By the way, when Hyndman-Fan concluded their article, they recommend Method 8 be adopted as the standard. According to the two authors, with Method 8 “quantile estimates are approximately median-unbiased regardless of the distribution, making this method the most viable for calculating quantiles”. Sorry fellas, looks like Method 6 will be the first “standard” method across applications.

 

Replicating the Quartile Calculations for any Method using VBA

I’ll end this post with a User Defined Function that allows you to replicate any of the six Hyndman-Fan methods listed in the table above. No matter what statistical package you encounter, if their quartile calculation is based on any one of these methods, you can replicate their quartile this function. Also, if you have Excel 2007, you won’t have the QUARTILE.EXC function available to you. You can use this User Defined Function and get the same functionality.

.

This User Defined Function is based on a procedure originally posted by Jerry W. Lewis (a former Excel MVP) in 2008. I kept the core math, which I don’t truly understand (Don’t Judge Me), and built around it. Simply copy this code to a standard module.
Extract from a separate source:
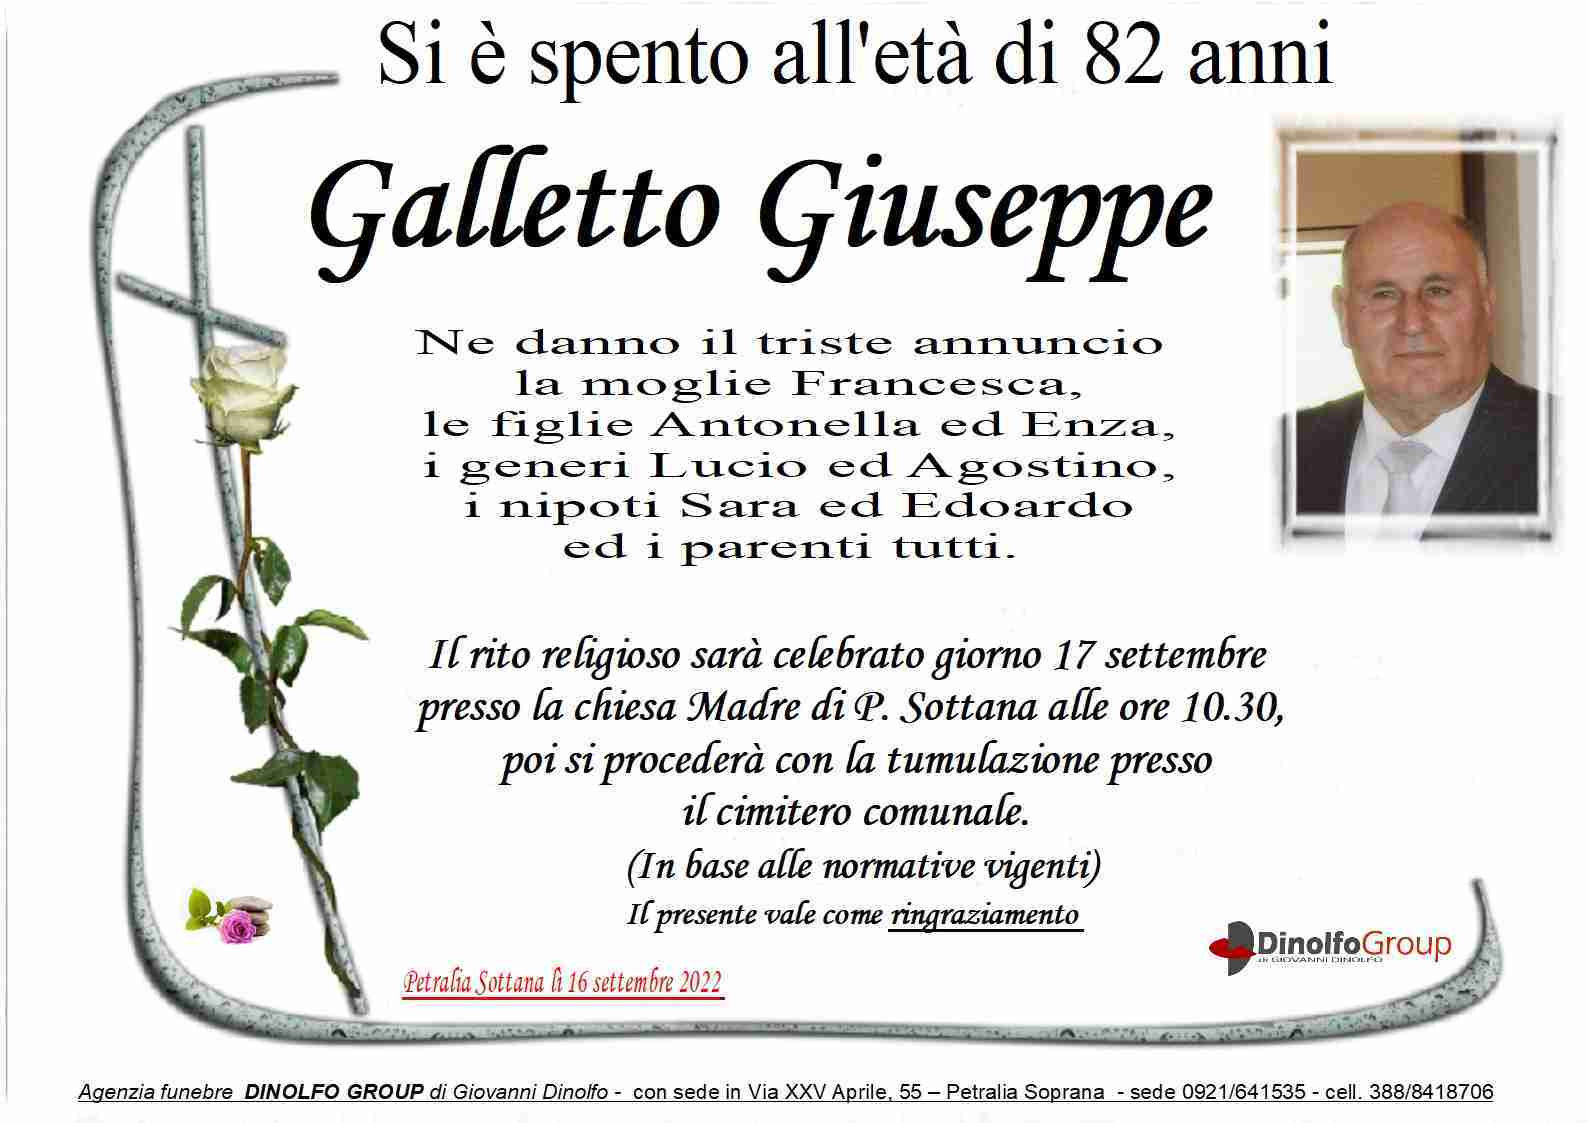 Giuseppe Galletto
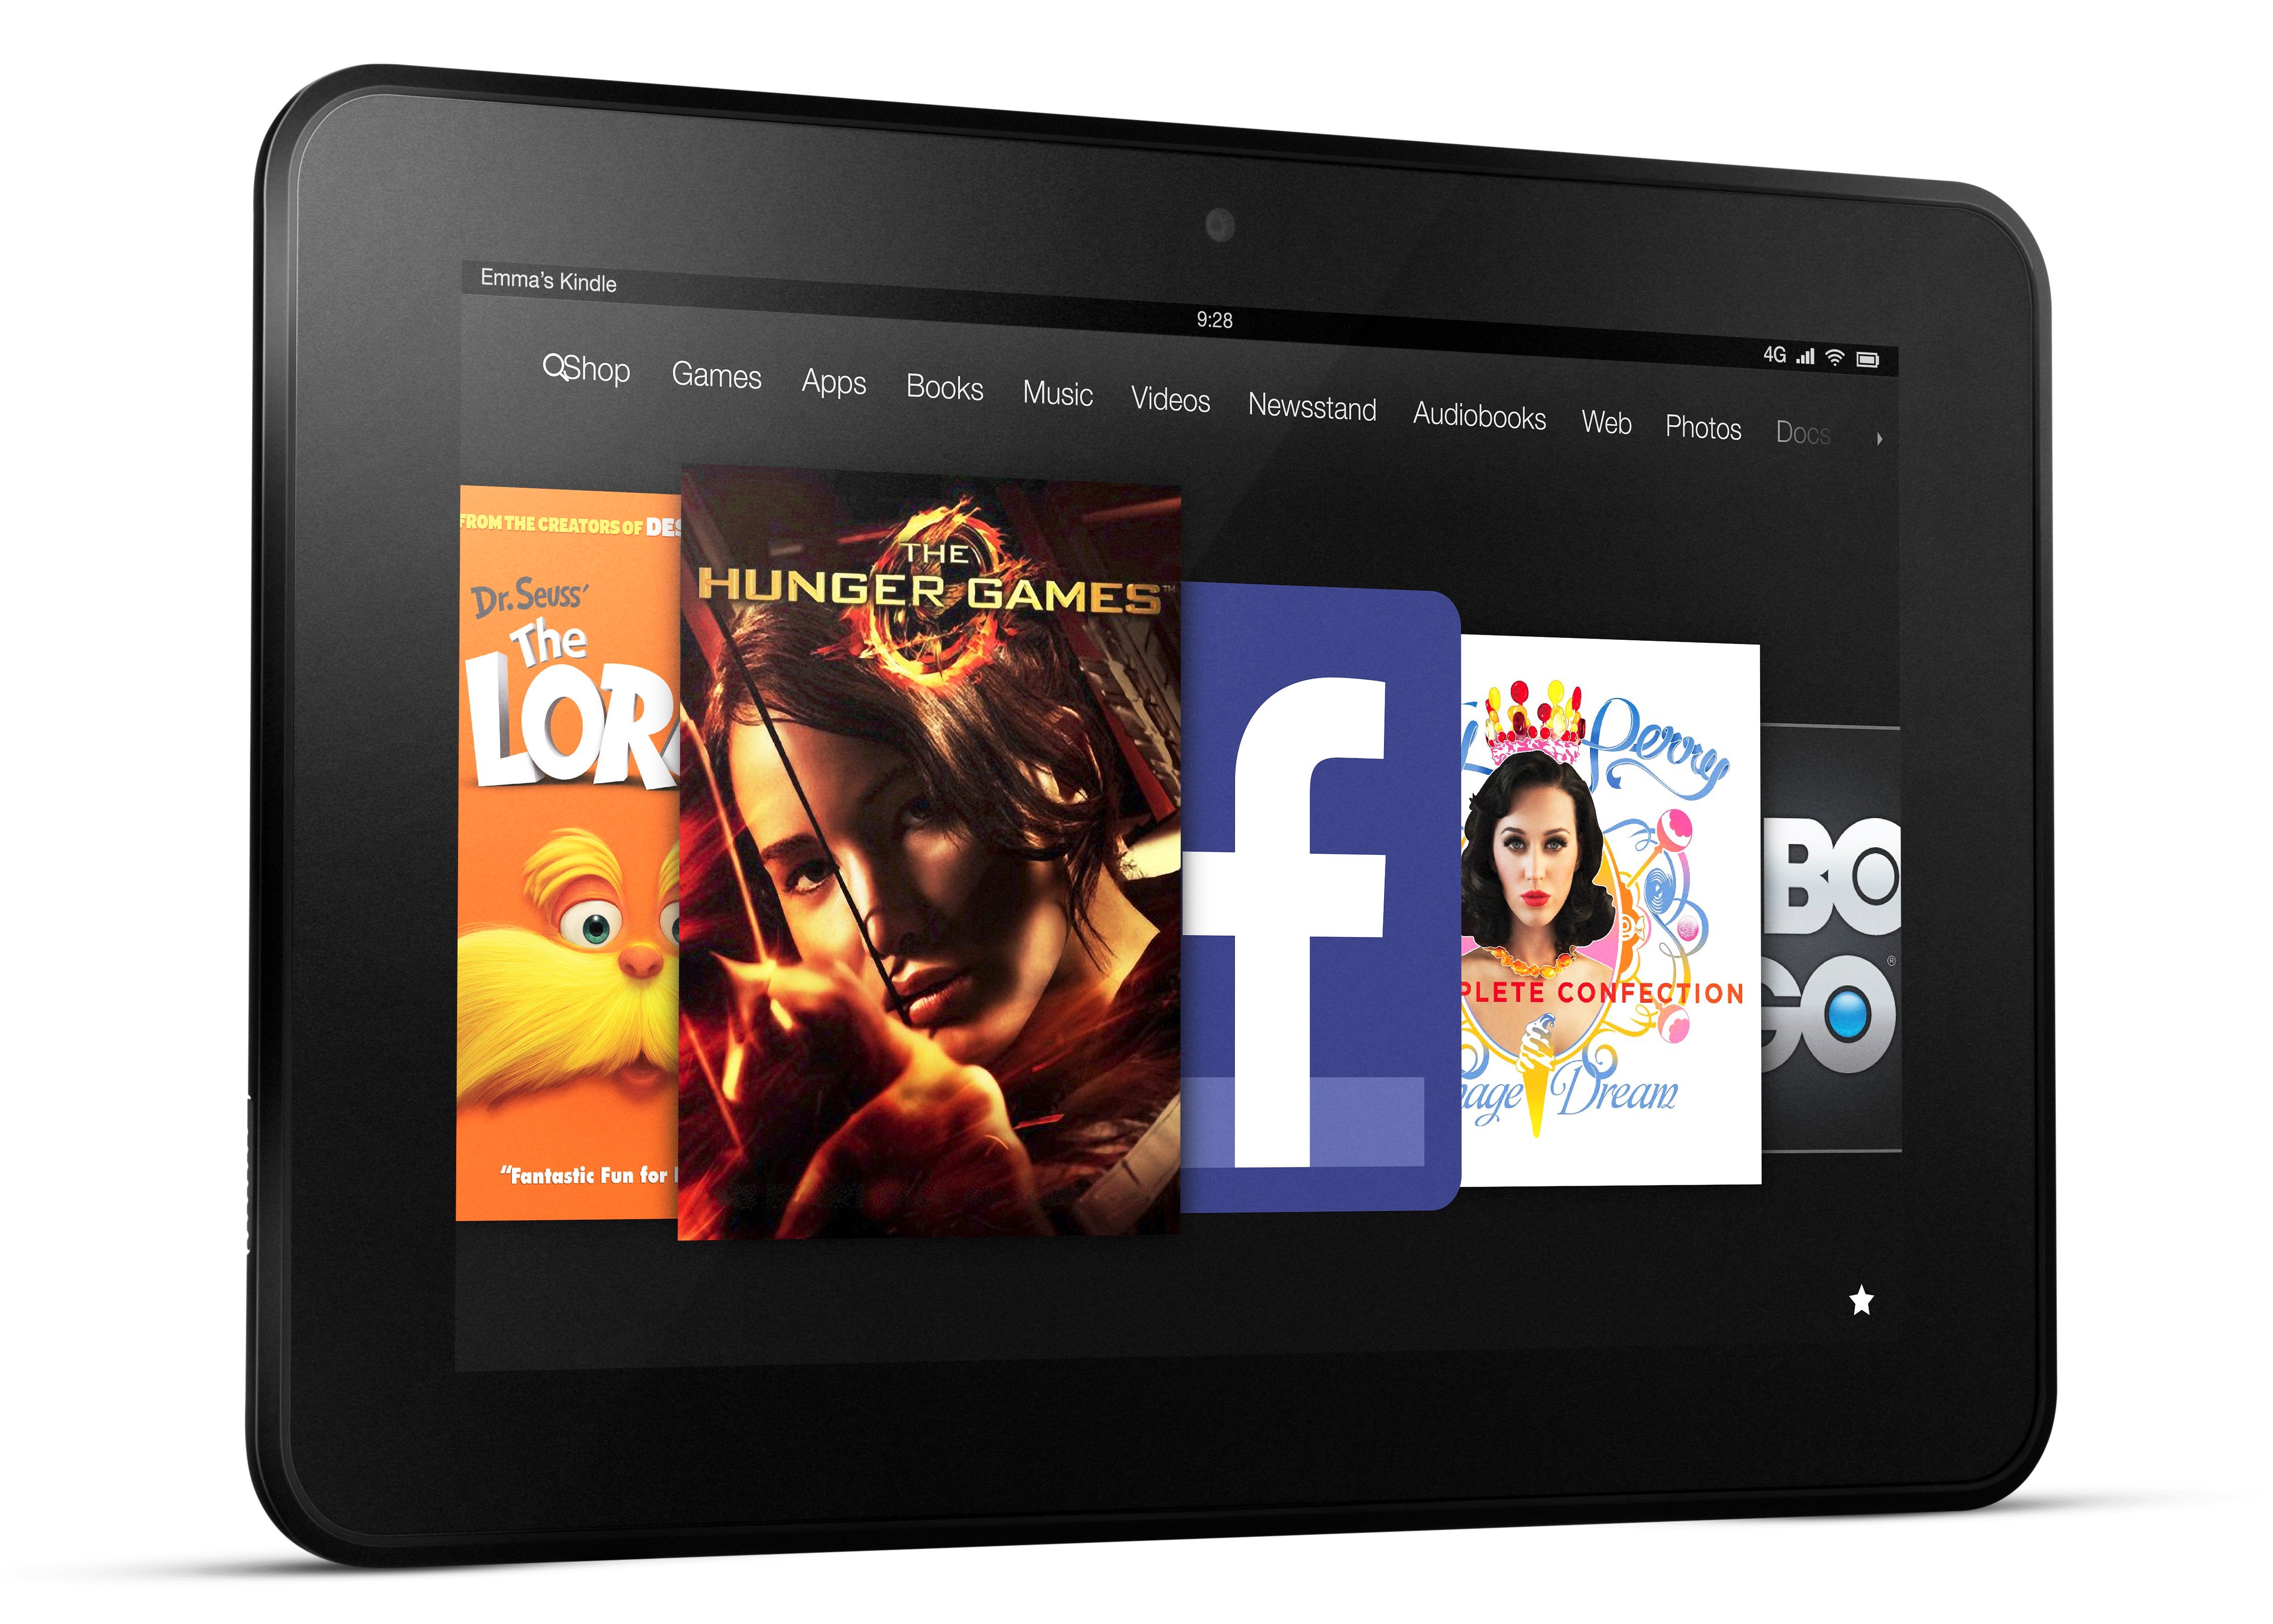 Kindle Fire HD 8.9 Deals 2012

  1. Function Quantile(MyRange As Range, p As Double, Optional m As Variant)
  2. 'Mike Alexander: www.datapigtechnologies.com
  3. 'Based on Code originally posted by Jerry W. Lewis (former Excel MVP)
  4. '***************************************************************************
  5. 'This function will replicate various quantile calcuations found in statistical software packages.
  6. 'Calculation is determined by the Hyndman-Fan method used.
  7.  
  8. 'Hyndman-Fan Method 4 Replicates: SAS(PCTLDEF=1), R(type=4), Maple(method=3)
  9. 'Hyndman-Fan Method 5 Replicates: R(type=5), Maple(method=4)
  10. 'Hyndman-Fan Method 6 Replicates: Excel(QUARTILE.EXC), SAS(PCTLDEF=4), R(type=6), Minitab, SPSS, BMDP, JMP, Maple(method=5)
  11. 'Hyndman-Fan Method 7 Replicates: Excel (QUARTILE and QUARTILE.INC), R(type=7), S-Plus, Maxima, Maple(method=6)
  12. 'Hyndman-Fan Method 8 Replicates: R(type=8), Maple(method=7)
  13. 'Hyndman-Fan Method 9 Replicates: R(type=9), Maple(method=8)
  14. '***************************************************************************
  15. 'Call function from Excel Spreadhseet by entering
  16. '=Quantile(Range, p, m)
  17.  
  18. 'Enter p as the fraction of the population (.25 for quartile 1, .75 for quartile 3, etc....)
  19. 'Enter m as the Hyndman-Fan Quantile method number (4, 5, 6, 7, 8 or 9)
  20. 'If m is left blank, the function will use method 6 by default
  21. '***************************************************************************
  22.  
  23. Dim n As Long
  24. Dim i As Long
  25. Dim QDef As Double
  26. Dim x As Double
  27.  
  28. 'Identify method and set the interpolation basis used
  29. Select Case m
  30. Case Is = 4
  31. QDef = 0
  32. Case Is = 5
  33. QDef = 0.5
  34. Case Is = 6
  35. QDef = p
  36. Case Is = 7
  37. QDef = 1 - p
  38. Case Is = 8
  39. QDef = (p + 1) / 3
  40. Case Is = 9
  41. QDef = (p + 1.5) / 4
  42. Case Else 'Use Hyndman-Fan 6 by default
  43. QDef = p
  44. End Select
  45.  
  46. 'Count values within MyRange and calculate the required position index
  47. n = WorksheetFunction.Count(MyRange)
  48. x = n * p + QDef
  49. i = WorksheetFunction.Max(WorksheetFunction.Min(Fix(x), n), 1)
  50.  
  51. 'Perform interpolation and return answer
  52. If (x - i) >= 0 And i < n Then
  53. Quantile = (1 - (x - i)) * WorksheetFunction.Small(MyRange, i) + (x - i) * WorksheetFunction.Small(MyRange, i + 1)
  54. Else
  55. Quantile = WorksheetFunction.Small(MyRange, i)
  56. End If
  57.  
  58. End Function

Notes: I tested this function in Excel with Hyndman-Fan Methods 6 and 7. It seems to fully replicate the results I get with QUARTILE.EXC and QUARTILE.INC. I don’t have R, SAS, or any other statistical package so I can’t fully test the other four methods (4, 5, 8, and 9). Be sure to do some self-testing if you plan on using this function. Feel free to let me know if you find that it needs tweaks.

 

One you’ve pasted the code into a standard module in your workbook, you can enter this formula syntax:

=Quantile (Range, p, m)

Enter p as the fraction of the population (to get quartile 1 enter .25, to get quartile 3 enter .75, etc…)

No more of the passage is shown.